-- About this exercise --
Transcribe the listing below in full, exactly, with no images.

-- Data block --
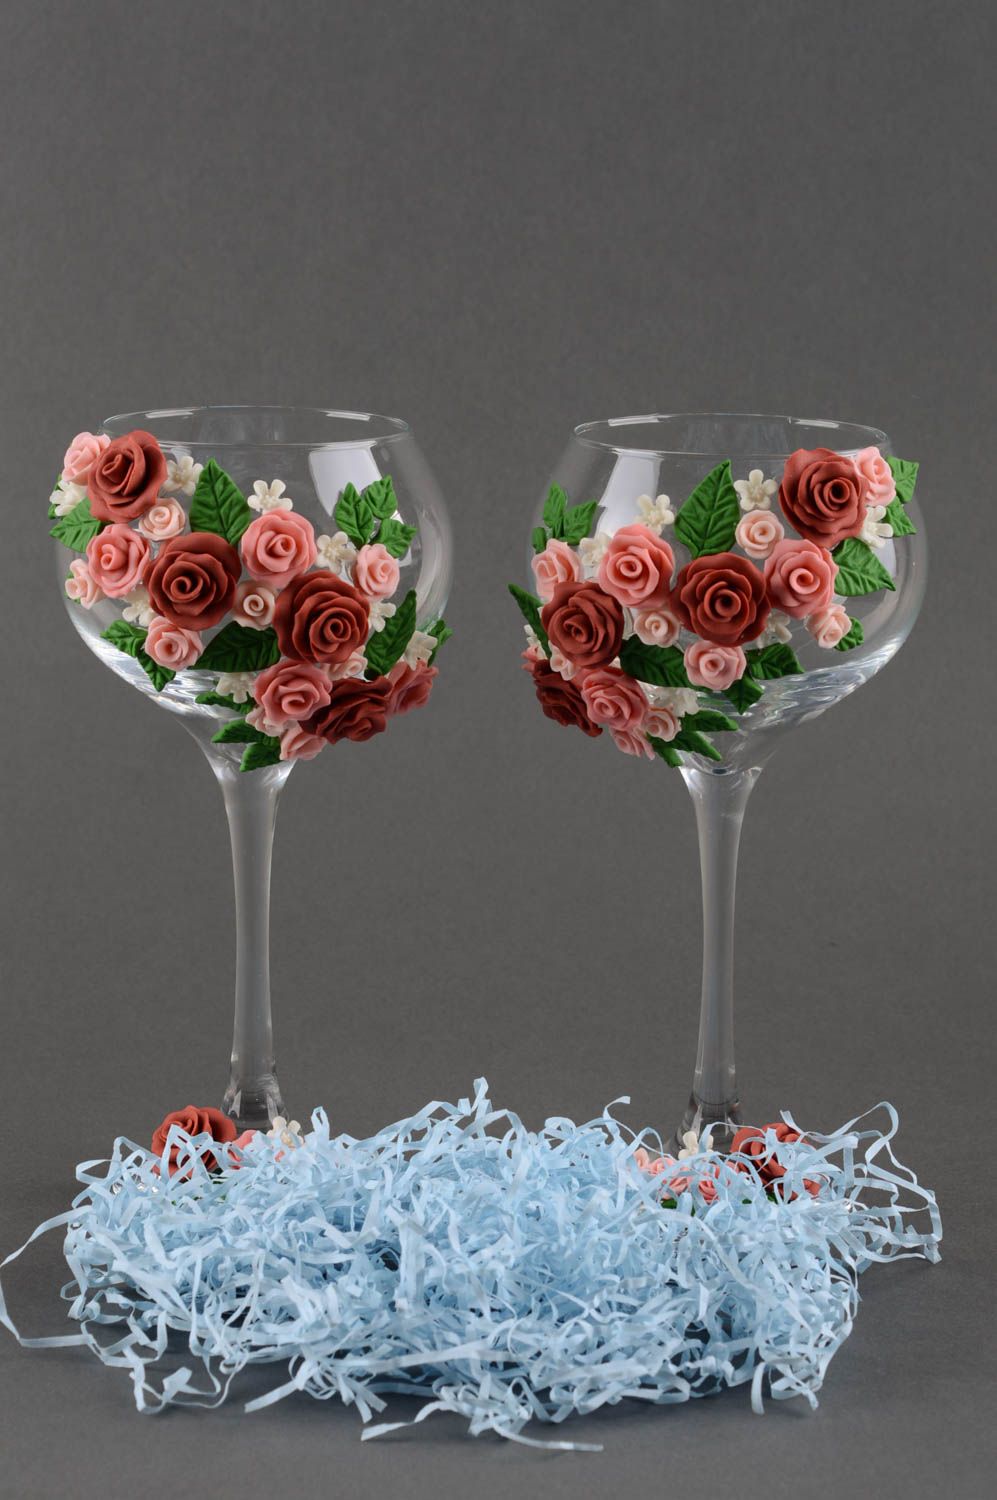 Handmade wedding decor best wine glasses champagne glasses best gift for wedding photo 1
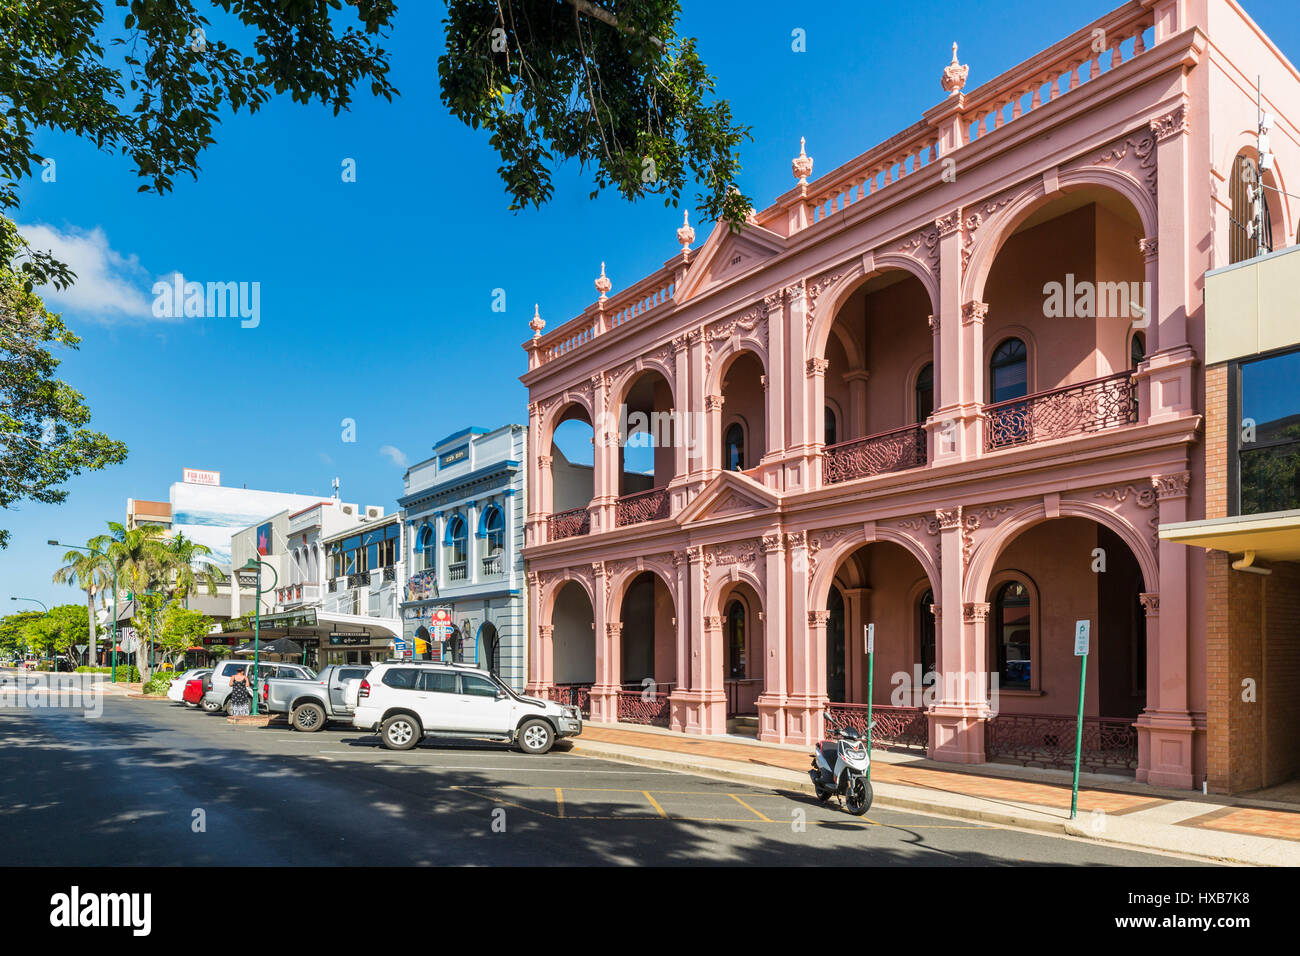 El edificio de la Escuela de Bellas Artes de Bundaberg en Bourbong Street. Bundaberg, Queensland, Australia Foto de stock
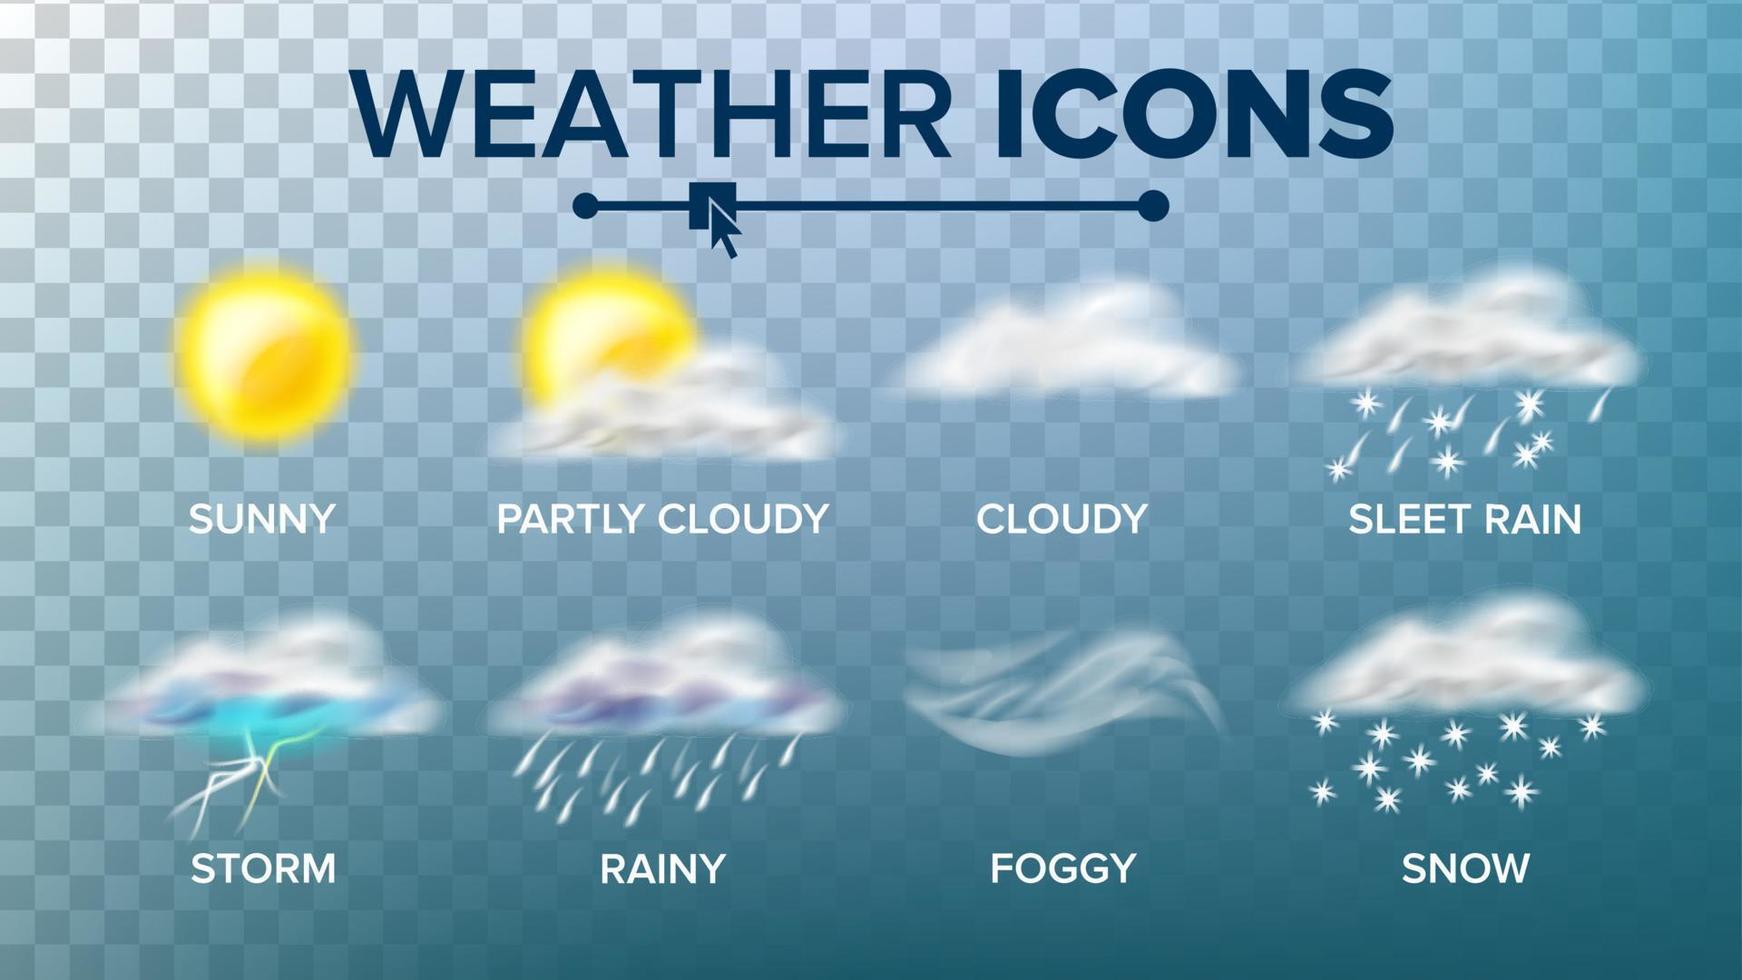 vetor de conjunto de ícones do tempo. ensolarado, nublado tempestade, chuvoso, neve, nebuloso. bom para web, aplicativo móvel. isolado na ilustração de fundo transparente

-- Output --
 Handmade wedding decor best wine glasses champagne glasses best gift for wedding photo 1
 El edificio de la Escuela de Bellas Artes de Bundaberg en Bourbong Street. Bundaberg, Queensland, Australia Foto de stock
 vetor de conjunto de ícones do tempo. ensolarado, nublado tempestade, chuvoso, neve, nebuloso. bom para web, aplicativo móvel. isolado na ilustração de fundo transparente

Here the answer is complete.